### Exercise directions
Return the data below exactly, but only from the line containing "CITY applique specchio" through the line containing "roofing diagram [ 2521 x 2039 Pixel ]", with both of those lines included.

### Information
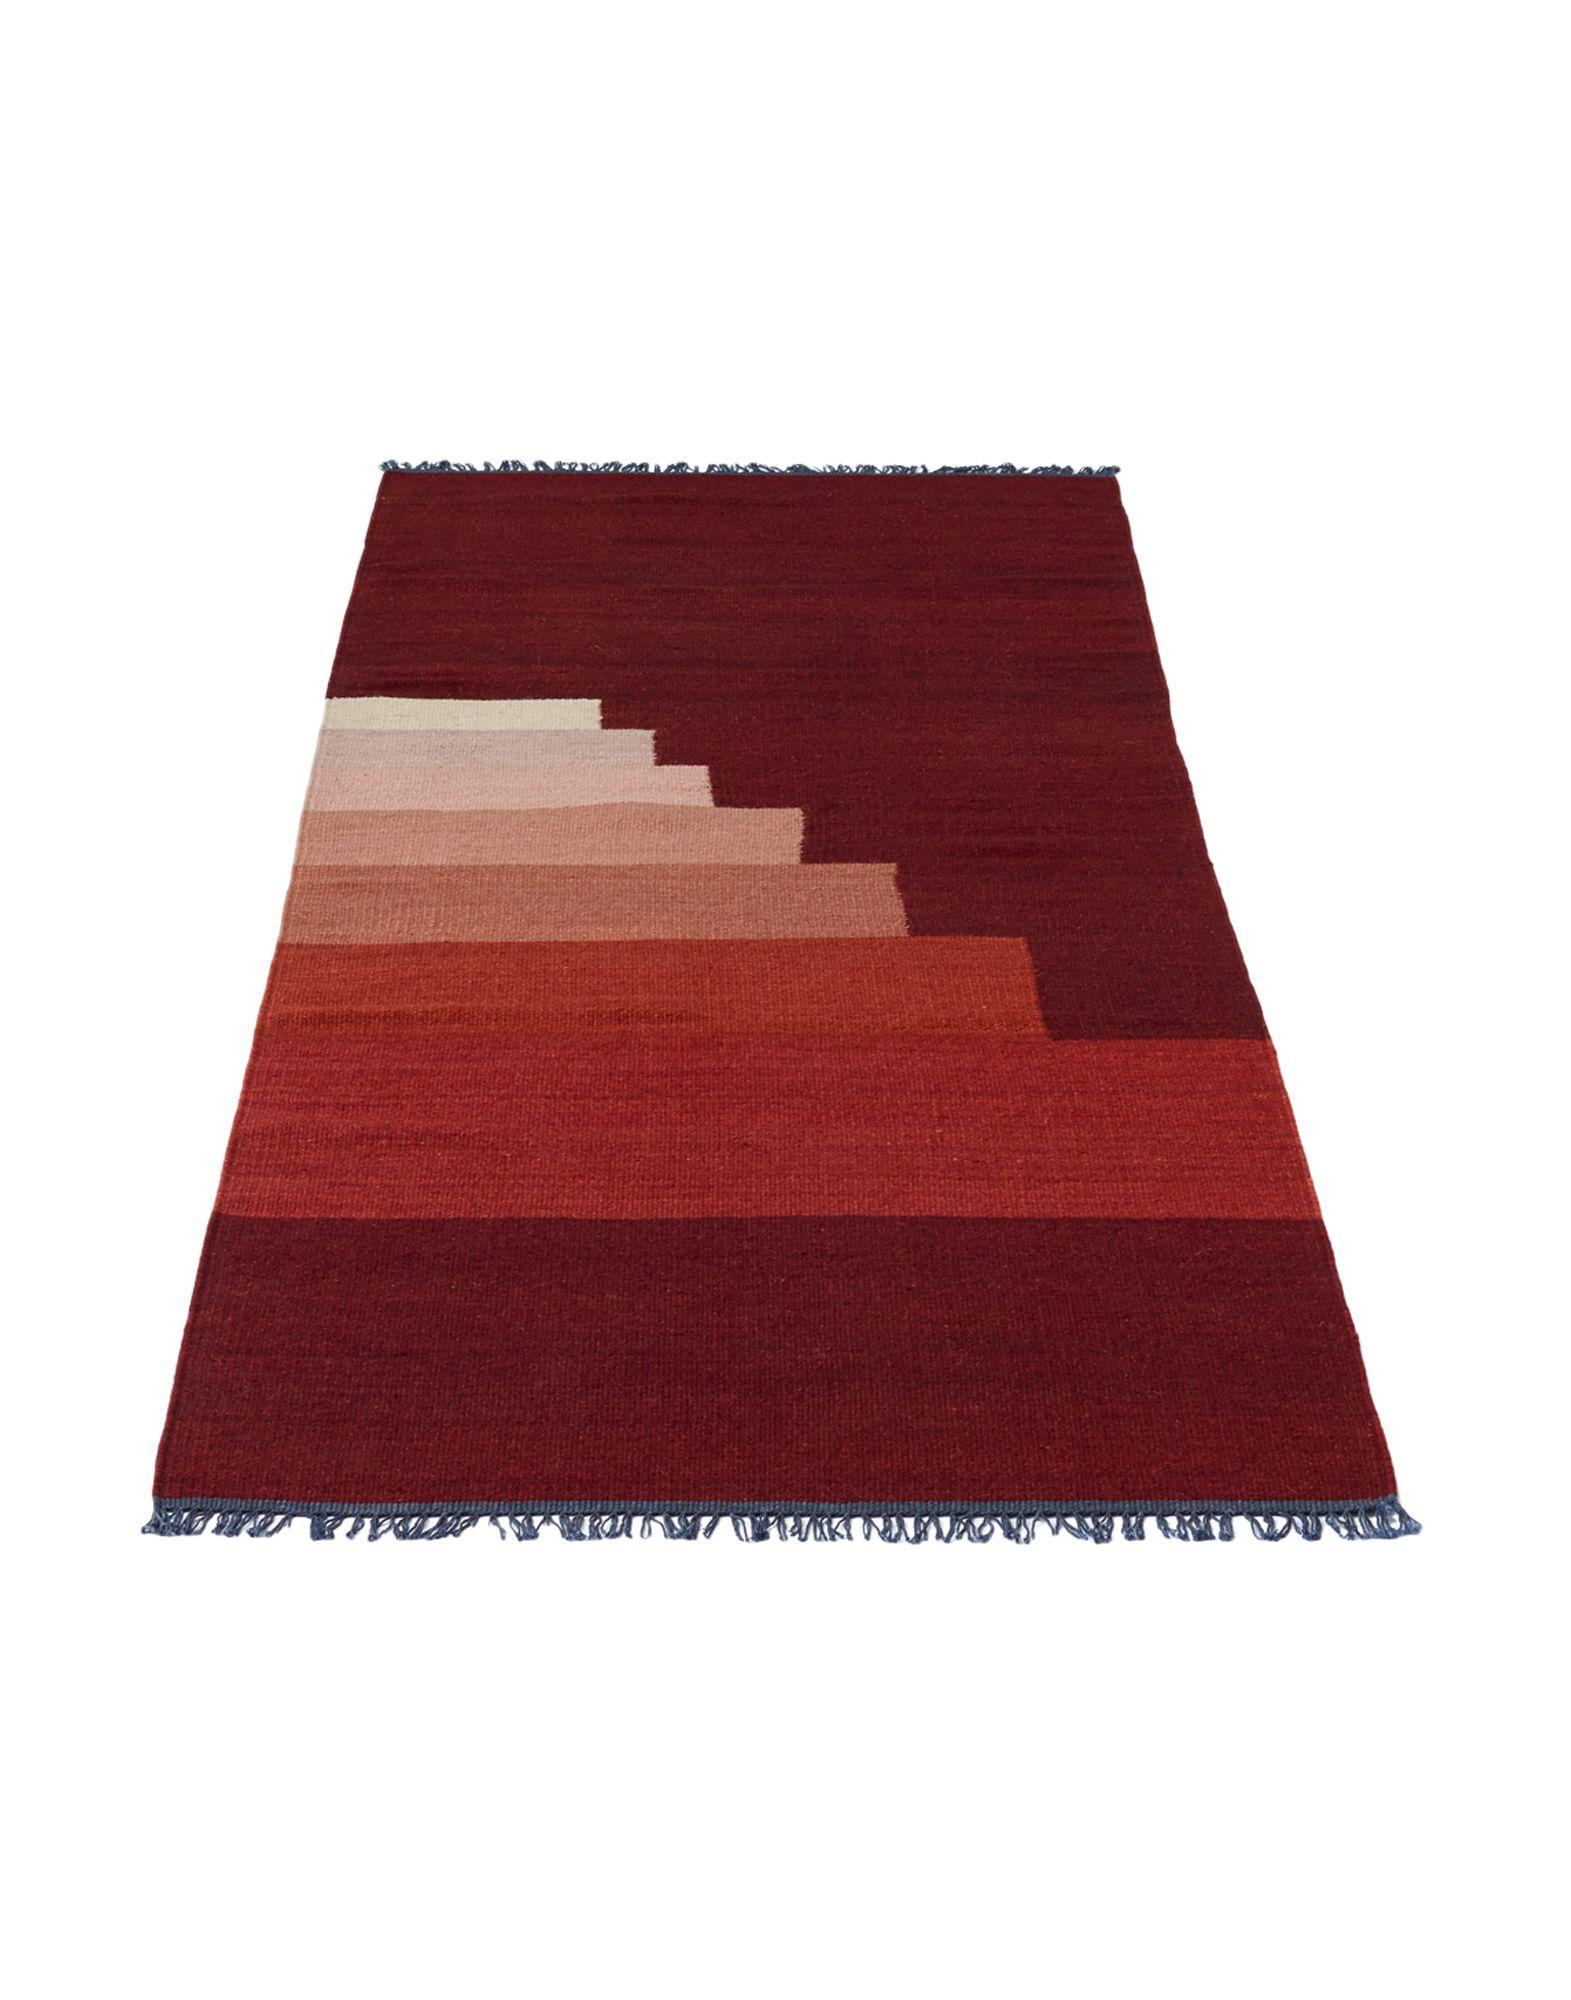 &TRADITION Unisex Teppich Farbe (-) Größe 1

* * *

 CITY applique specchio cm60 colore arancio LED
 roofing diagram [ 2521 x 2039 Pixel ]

### Result of the task
 CITY applique specchio cm60 colore arancio LED
 roofing diagram [ 2521 x 2039 Pixel ]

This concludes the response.